Nasional

Akademisi UGM: Kebisingan di Ruang Publik Harus Diatur Negara

Kamis, 3 Maret 2022 | 15:00 WIB

Akademisi UGM: Kebisingan di Ruang Publik Harus Diatur Negara

Akademisi UGM mengungkapkan bahwa kebisingan di ruang publik harus diatur negara.

Jakarta, NU Online

Akademisi dari Fakultas Ilmu Sosial dan Ilmu Politik (Fisipol) Universitas Gadjah Mada (UGM) Yogyakarta Abdul Gaffar Karim menegaskan bahwa semua urusan publik harus diatur oleh negara. Hal itu berlaku dalam kesepakatan di negara modern. 


“Pada prinsipnya, semua urusan publik, termasuk soal noise (kebisingan) di ruang publik, dalam kesepakatan negara modern itu memang harus diatur oleh negara. Jadi, bukan perkara azannya saja,” kata Gaffar ketika membahas Surat Edaran (SE) Menteri Agama Nomor 5 Tahun 2022 Tentang Pedoman Penggunaan Pengeras Suara di Masjid dan Mushala, dalam diskusi yang digelar Jaringan Gusdurian di platform Space Twitter, pada Rabu (2/3/2022) malam. 
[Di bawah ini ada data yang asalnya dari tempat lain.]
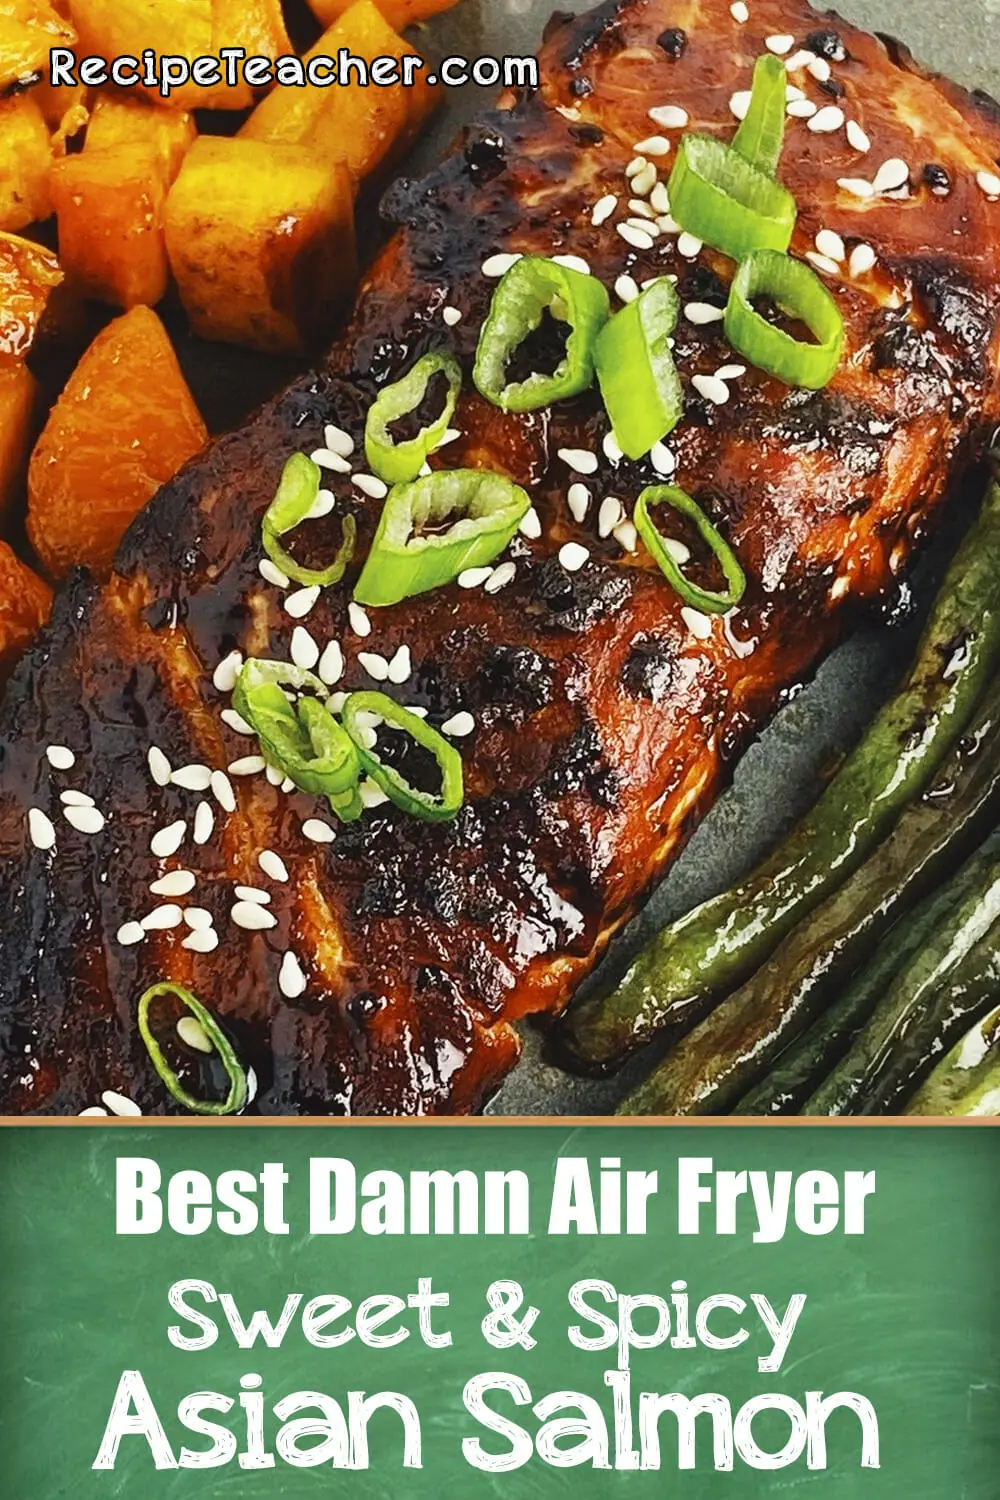 Recipe for Asian air fryer salmon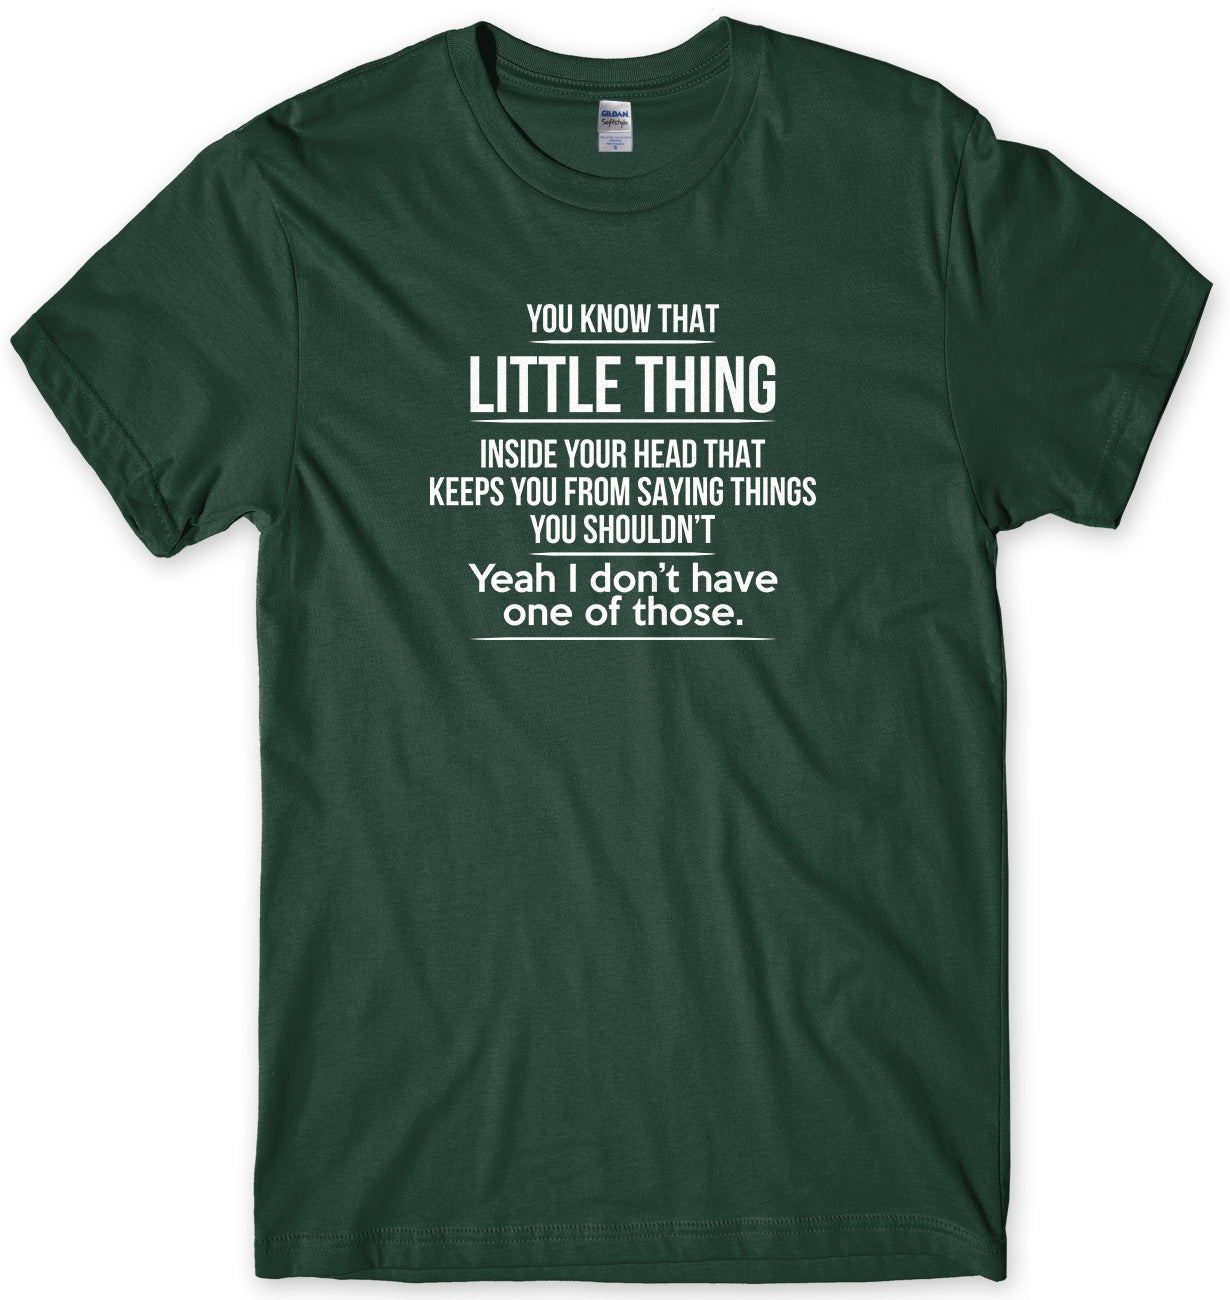 That Little Thing Inside Your Head That Keeps You From Saying Things You Shouldn't Mens Unisex Style T-Shirt

Ia menjelaskan, ketika seluruh aktivitas individu atau lembaga memiliki efek kepada publik maka harus benar-benar diatur oleh negara. Di beberapa negara, seperti Australia, Inggris, dan Amerika saat ini telah memiliki aturan soal kontrol kebisingan. 

 


Aturan-aturan yang dibuat itu, sambung Gaffar, bertujuan untuk memberikan petunjuk agar ada batasan dari kebisingan-kebisingan tertentu yang mendapatkan izin untuk diperdengarkan di ruang publik.


Dosen di Jurusan Ilmu Pemerintahan UGM Yogyakarta ini menjelaskan, peraturan merupakan kesepakatan yang bisa mengikat semua pihak. Dengan demikian, soal pengaturan kebisingan suara pun dinilai penting untuk diatur oleh pemegang otoritas dan disepakati.
 

Gaffar pun menanggapi pernyataan sebagian kelompok yang meminta agar peraturan soal pengeras suara di masjid dan mushala tidak diatur negara atau diserahkan kepada kelompok masyarakat di daerah. 


“Itu silakan saja. Kalau mau pengaturannya diserahkan kepada kesepakatan lokal maka idealnya kesepakatan itu harus rutin ditinjau. Karena kesepakatan itu dibuat tidak dengan statement yang konkret. Jadi harus sering ditinjau ulang. Jangan sampai ada sedikit warga yang sebenarnya keberatan, tapi dianggap sepakat karena tidak komplain,” jelas Gaffar.

 


Menurutnya, jika aturan mengenai pengeras suara di masjid dan mushala itu mau diserahkan pada kesepakatan lokal maka harus ada mekanisme untuk dilakukan peninjauan, secara terus-menerus.


“(Kalau ada) komplain masyarakat harus diperlakukan secara terhormat, bukan dengan cara melecehkan. Jadi itu kenapa idealnya tidak diserahkan kepada kesepakatan lokal yang sumir (ringkas), tetapi memang harus ada aturan yang tegas dan punya konsekuensi dari otoritas,” tegasnya. 


Diskusi yang digelar Jaringan Gusdurian ini di Space Twitter ini merupakan kali kedua dari sesi membaca tulisan KH Abdurrahman Wahid (Gus Dur). Kali ini tulisan Gus Dur yang dibaca berjudul ‘Islam Kaset dan Kebisingannya’ (https://gusdur.net/islam-kaset-dan-kebisingannya/). Tulisan itu dimuat di Majalah Tempo, pada Februari 1982. 


“Persoalan mengenai ramainya suara toa atau bunyi-bunyian dari tempat ibadah itu sudah pernah disinggung Gus Dur. Pada tahun itu sudah mulai banyak masjid-masjid yang menggunakan kaset untuk memutar qiraah (bacaan Al-Qur’an) dan shalawatan,” kata Pemandu Diskusi dari Jaringan Gusdurian, Heru Prasetia. 


Di dalam tulisan itu, Gus Dur melakukan kritik terhadap penggunaan pengeras suara masjid yang berlebihan di waktu sebelum subuh. Lebih-lebih, Gus Dur mengkritik penggunaan pengeras suara yang bersumber dari kaset, sedangkan takmir masjidnya malah tidur. 


“Apalagi, kalau teknologi seruan bersuara lantang di alam buta itu hanya menggunakan kaset! Sedang pengurus masjidnya sendiri tenteram tidur di rumah,” demikian kalimat terakhir Gus Dur dalam tulisan ‘Islam Kaset dan Kebisingannya’.